• _MATERIAL PROVIDED_:

=====

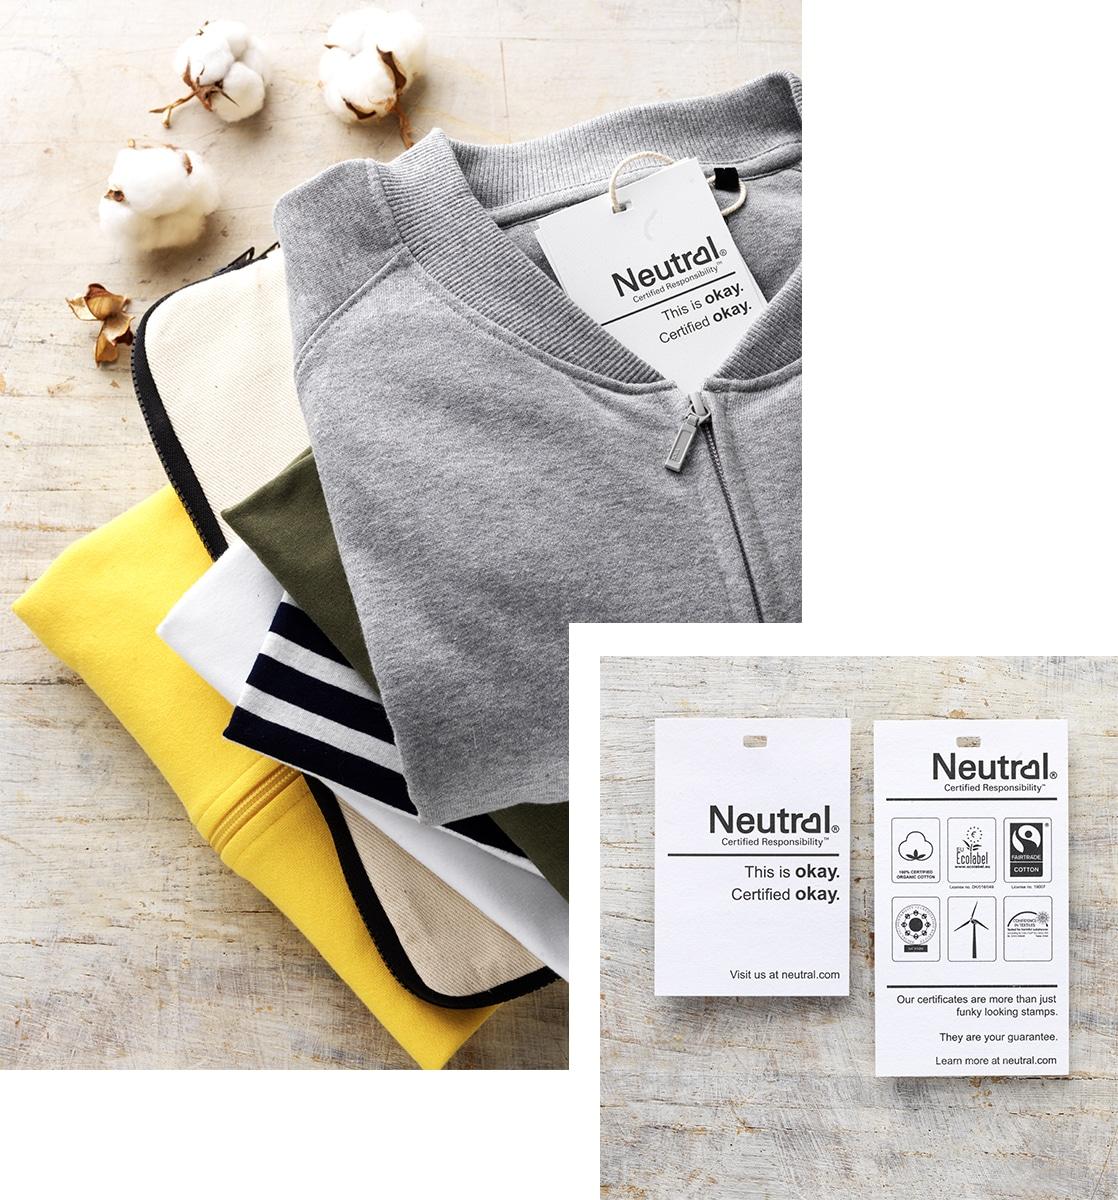 Duurzame neutral certified bedrijfskleding
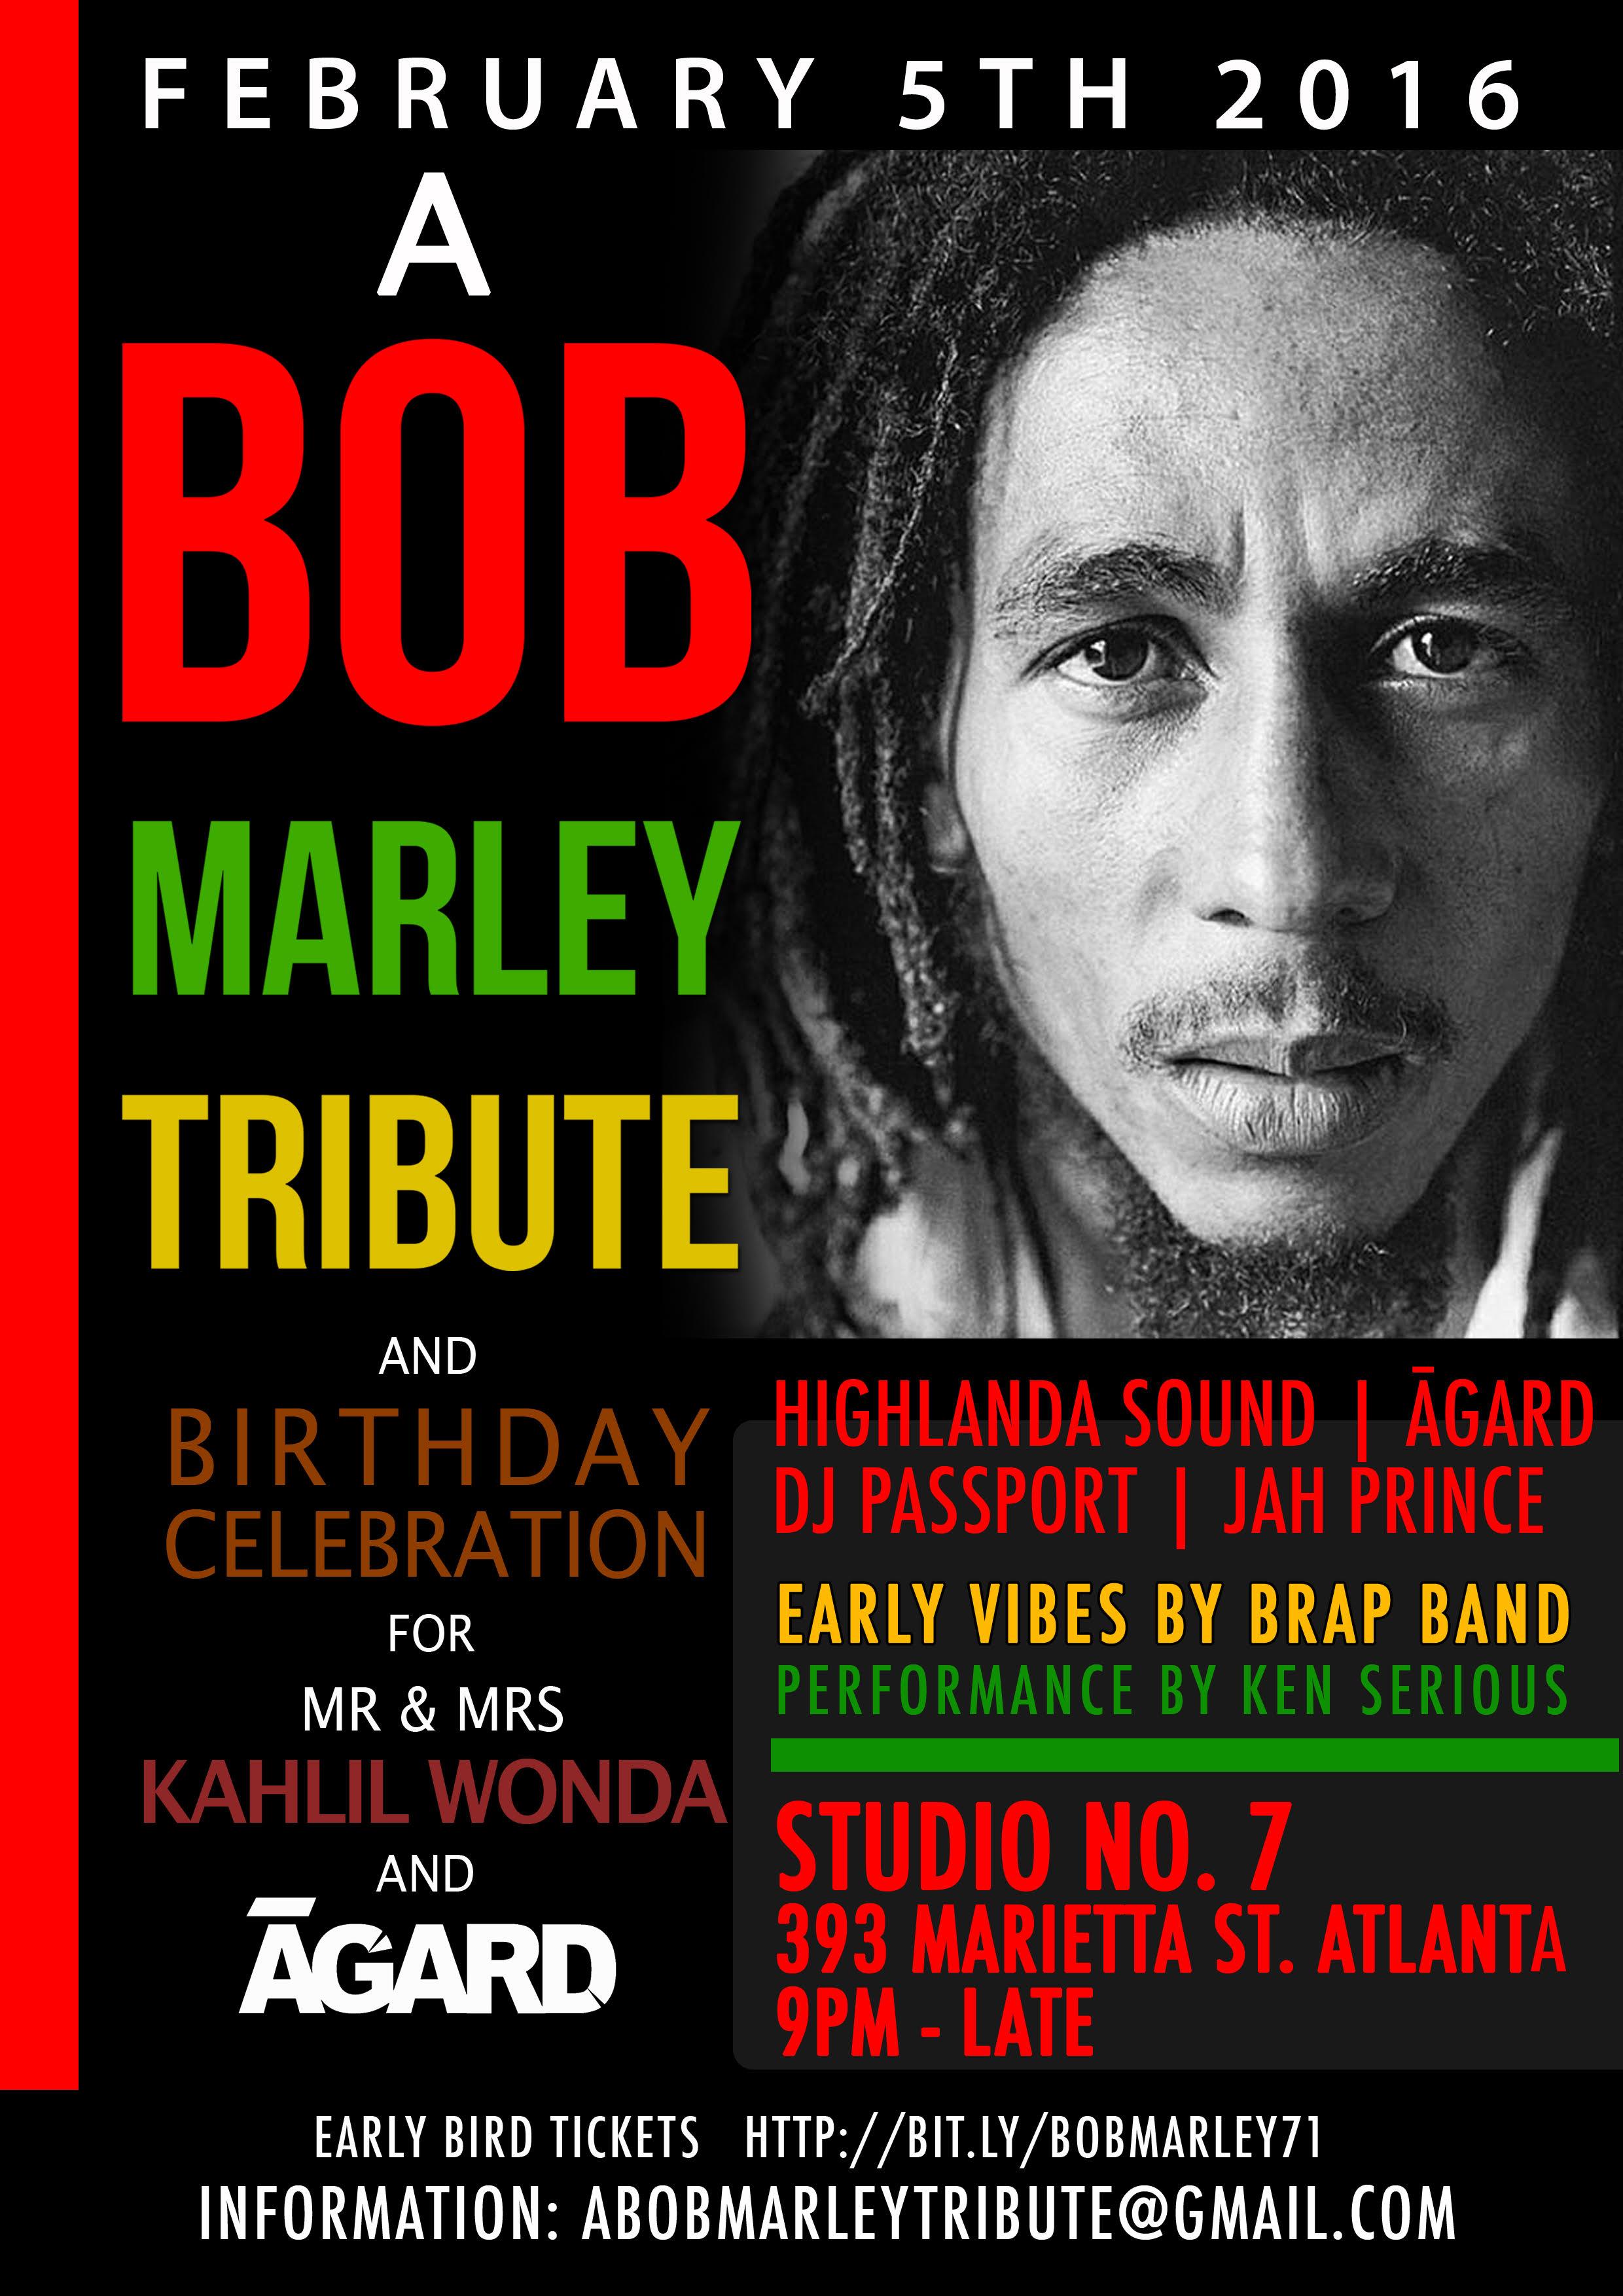 Rocksteady ATL Announces 2nd Annual Bob Marley Birthday Bash and Aquarius Celebration
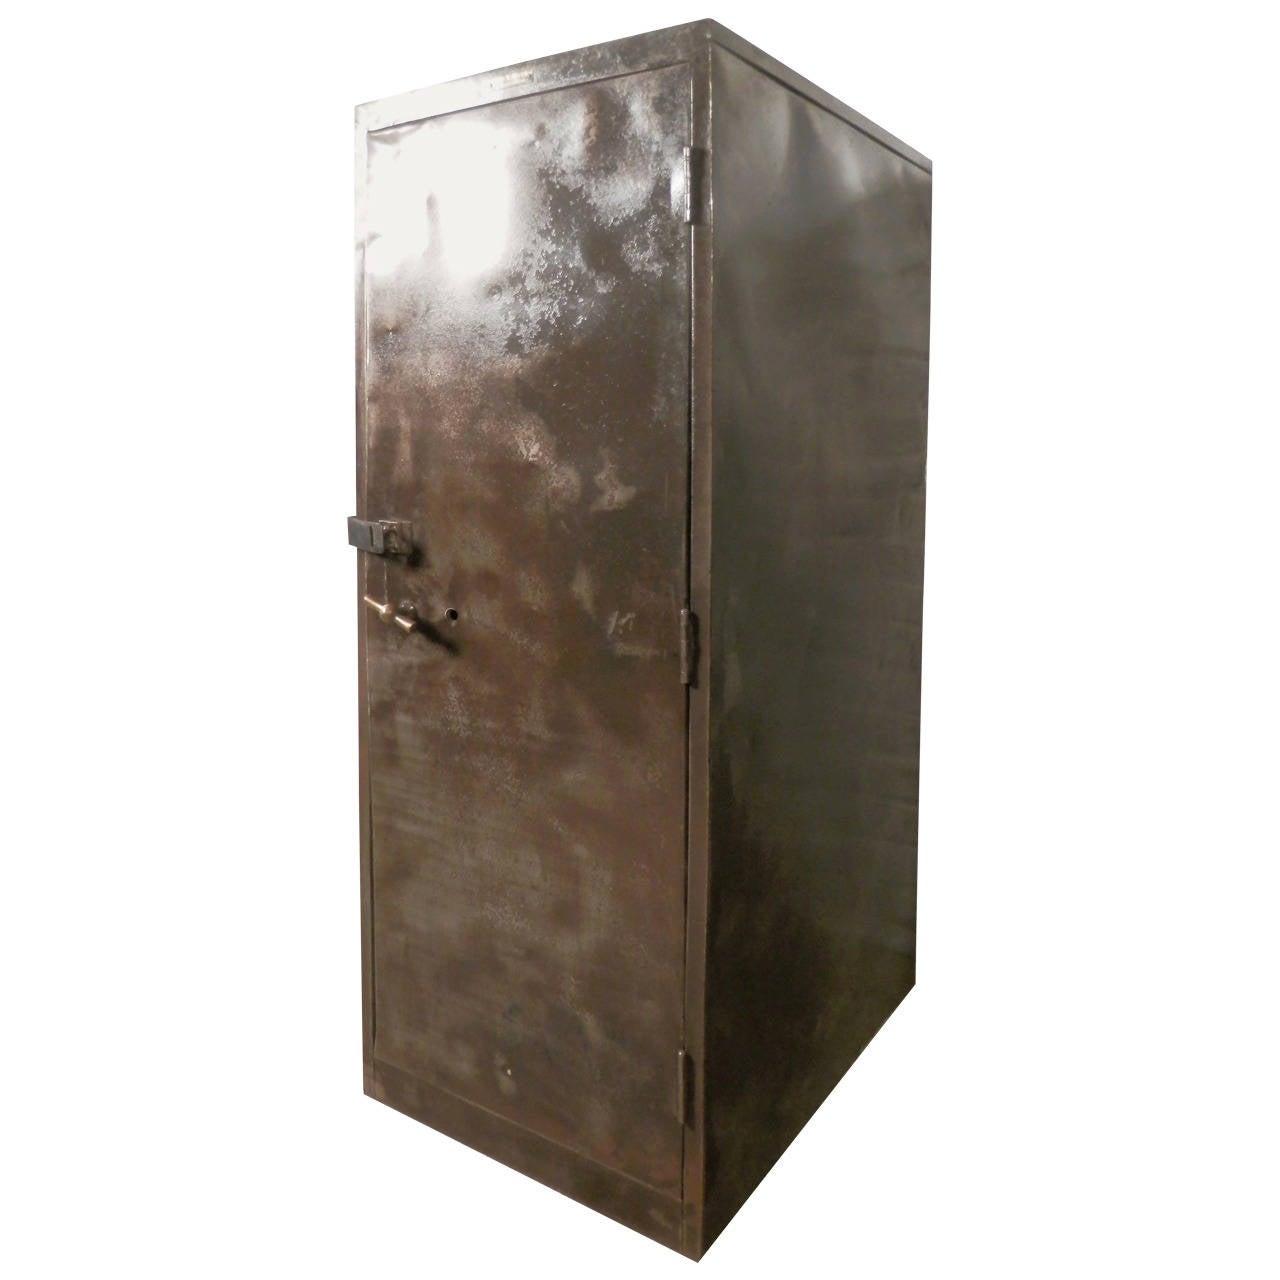 Large Industrial Metal Cabinet by Columbia Steel

=====

• _AIM OF THE TASK_:
Skip the images and write out the rest of the listing exactly.

• _SOLUTION_:
 Duurzame neutral certified bedrijfskleding
 Rocksteady ATL Announces 2nd Annual Bob Marley Birthday Bash and Aquarius Celebration
 Large Industrial Metal Cabinet by Columbia Steel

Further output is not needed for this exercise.